A Conference Hosted by the Tocqueville Project of Brigham Young University, with Funding from The John Adams Center for the Study of Faith, Philosophy and Public Affairs and The Sutherland Institute.

Is the Constitution as understood by the Founders at risk?   If so, then how so, and what caused this?  And would the passing of the Founders’ Constitution represent a grave threat (as Tea Partiers or Glenn Beck would have it) or rather a welcome moment in the progressive unfolding of basic principles of freedom and equality?

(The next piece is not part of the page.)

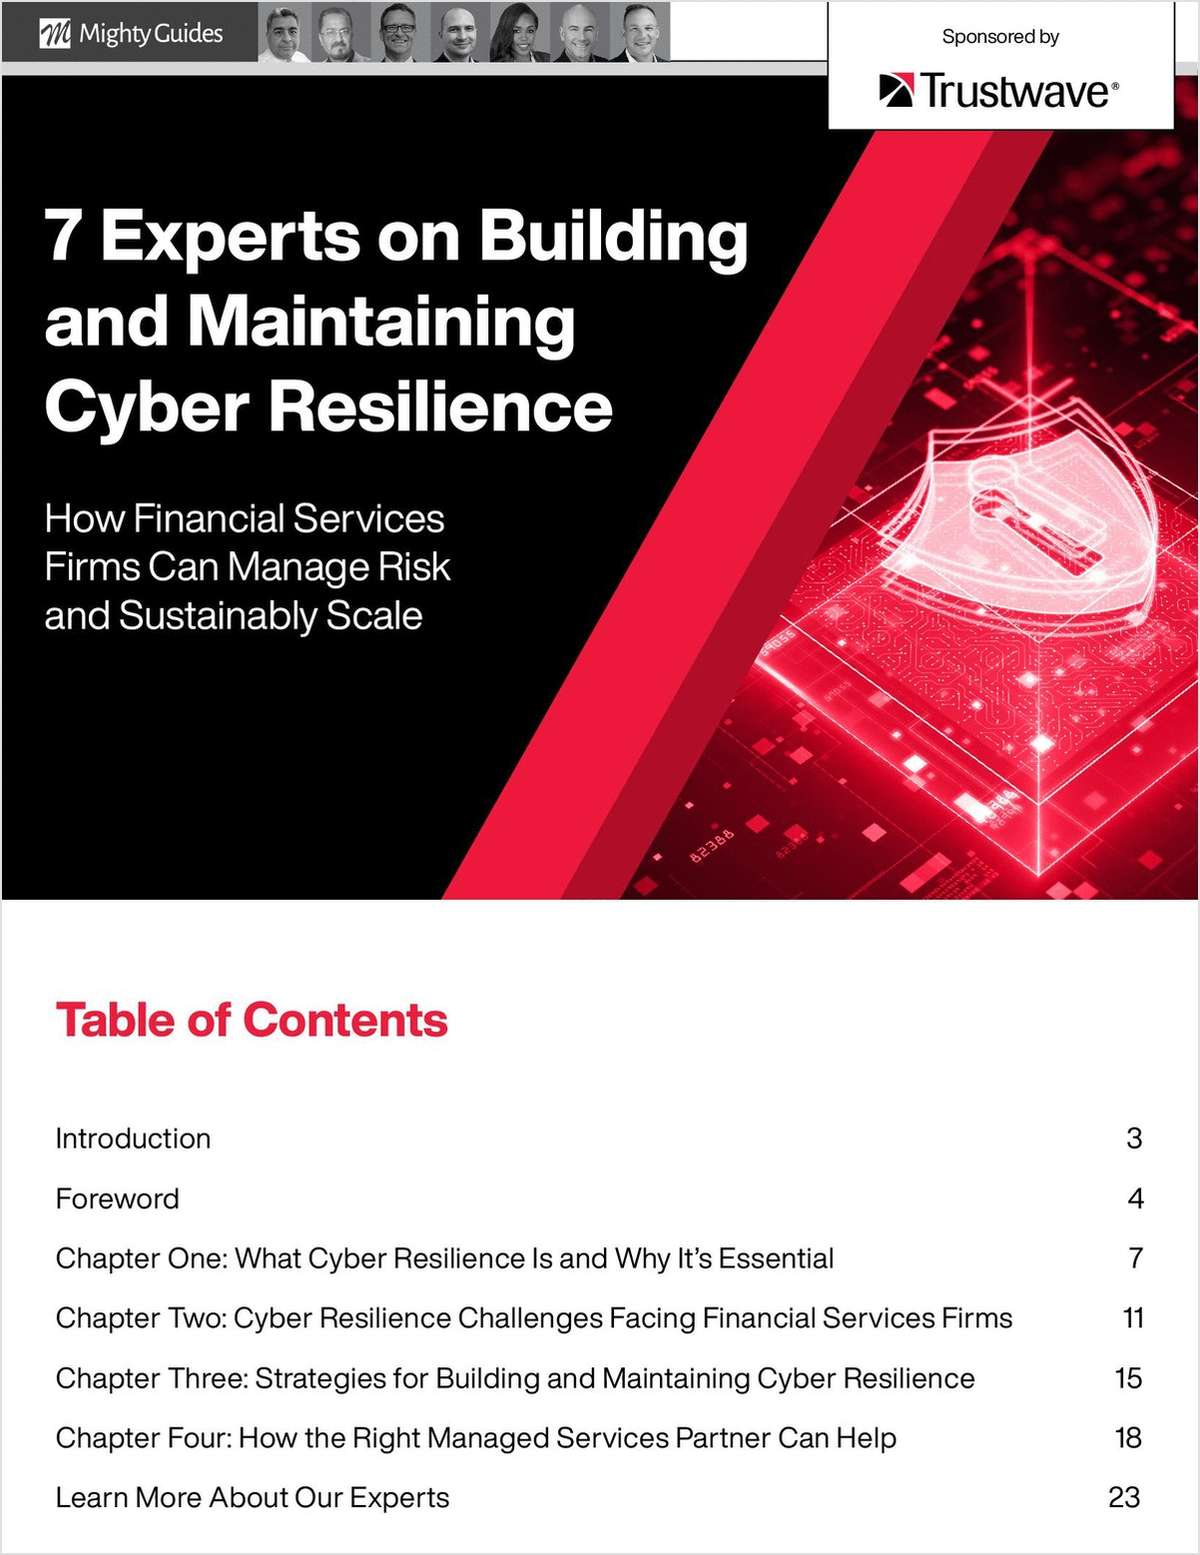 7 Experts on Building and Maintaining Cyber Resilience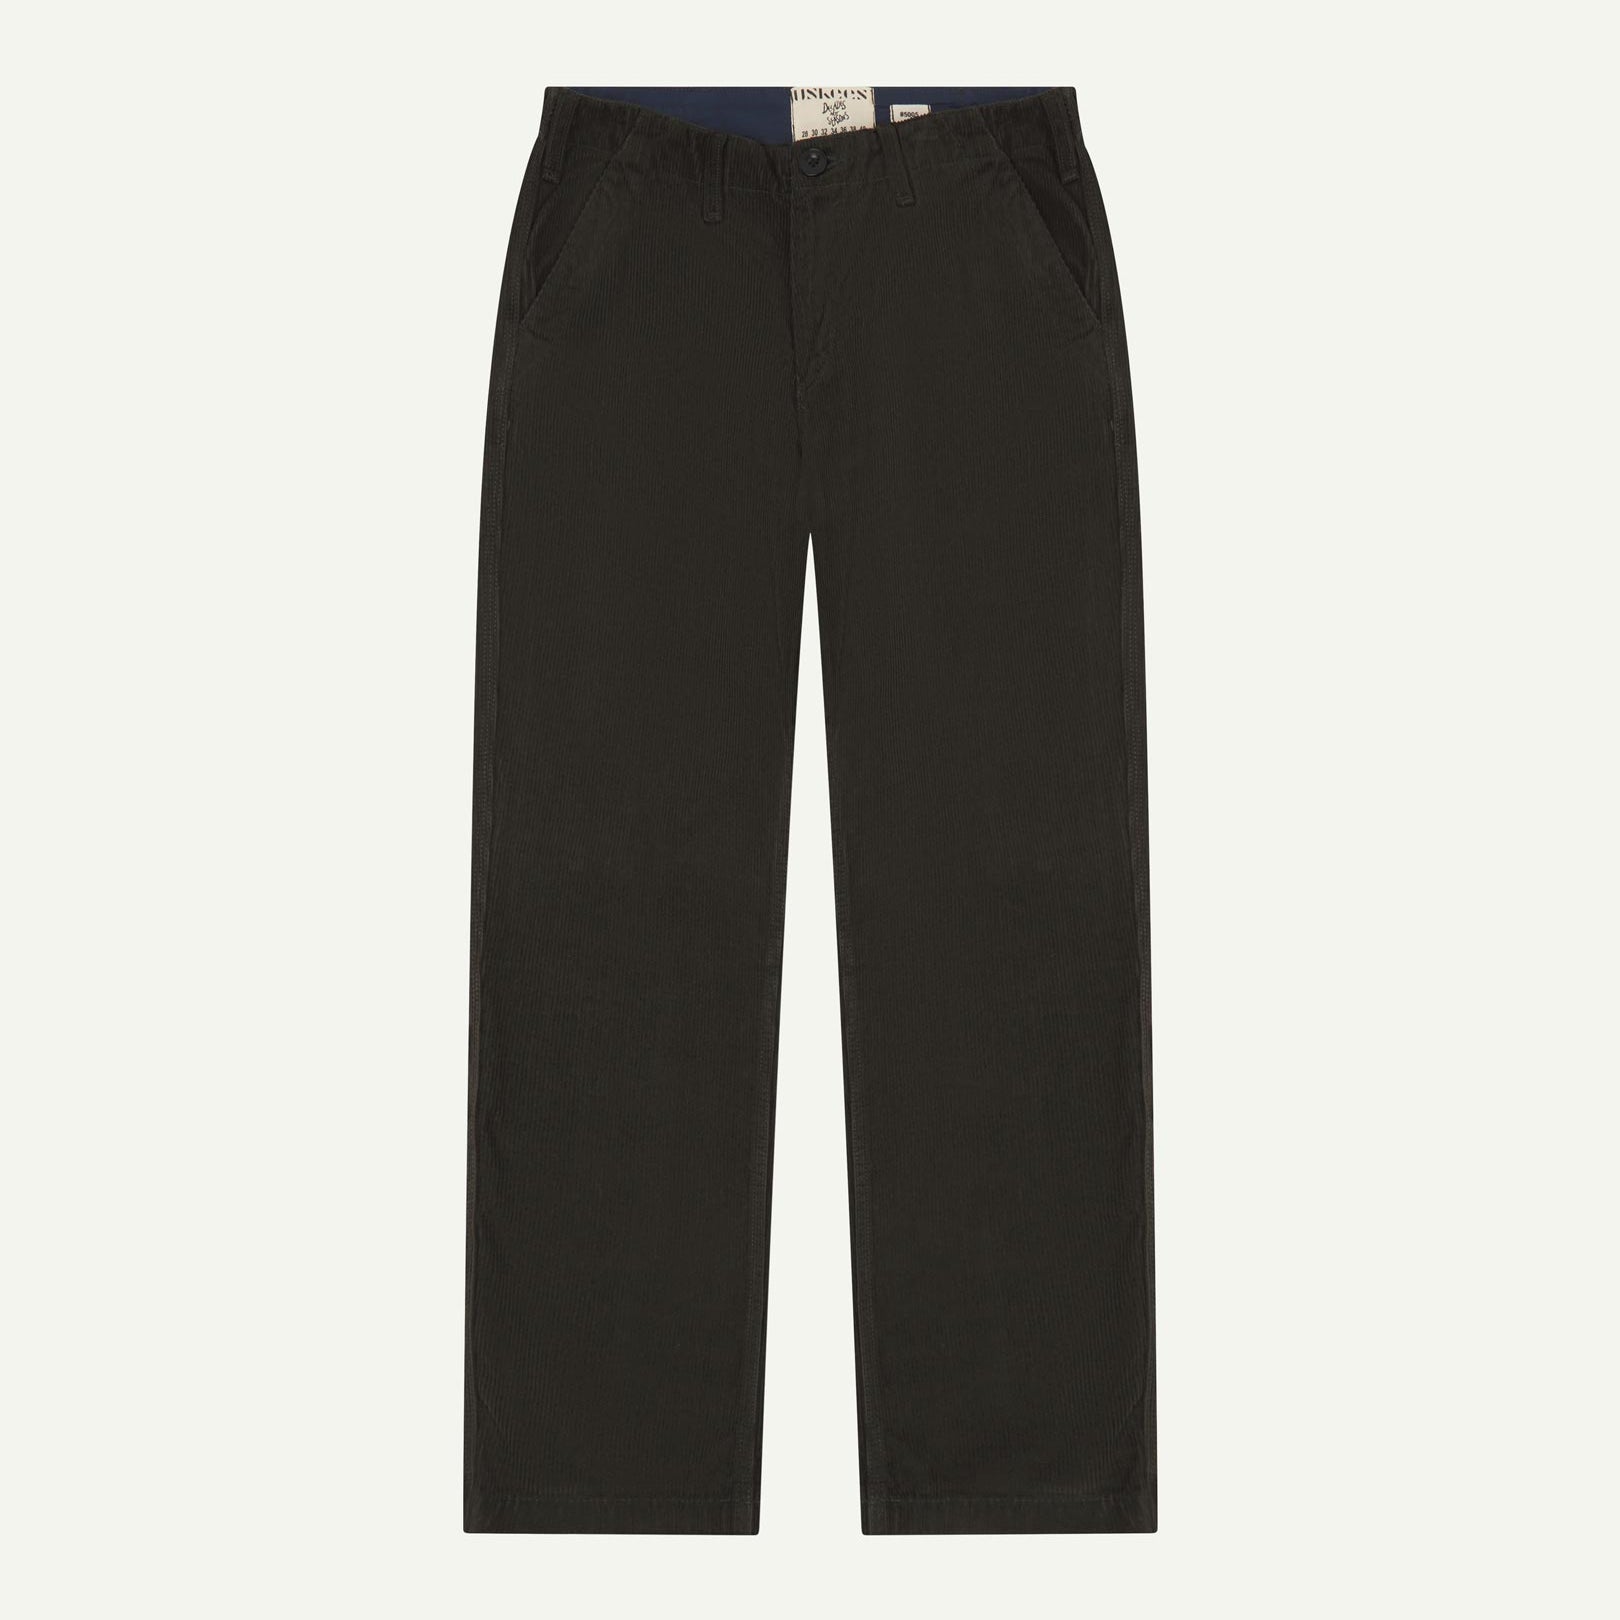 Front flat view of 5005 Uskees men's organic corduroy 'faded black' casual trousers with view of YKK zip fly and Corozo buttons.

Can our deepest constitutional concerns be addressed through ordinary political means, or are our problems fundamentally moral and spiritual?

Conference Director : Ralph C. Hancock, BYU Professor of Political Science and President of the John Adams Center.  Author of The Responsibility of Reason: Theory and Practice in a Liberal-Democratic Age.

Visiting Speakers:

Paul Rahe , Charles O. Lee and Louise K. Lee Chair in Western Heritage and Professor of History, Hillsdale College, Author of  Soft Despotism, Democracy’s Drift. “Montesquieu and the Foundations of American Constitutionalism,”

Charles R. Kesler , Dengler-Dykema Distinguished Professor of Government, Claremont McKenna College, editor of the Federalist Papers and of the Claremont Review of Books: “Restoring Constitutionalism”

William Voegeli , Visiting scholar at Claremont McKenna College’s Henry Salvatori Center, contributing editor of the Claremont Review of Books and the author of Never Enough: America’s Limitless Welfare State : “Populism and Constitutionalism”

Peter Lawler , Dana Professor of Government at Berry College in Georgia, editor-in-chief of Perspectives on Political Science, and author of Modern and American Dignity : “Toward a Consistent Ethic of Judicial Review: Our Founding and Legislative Compromise.”

Rogers Smith , Christopher H. Browne Distinguished Professor of Political Science at the University of Pennsylvania, author of “Oligarchies in America? Reflections on Tocqueville’s Fears”: “The Constitutional Philosophy of Barack Obama.”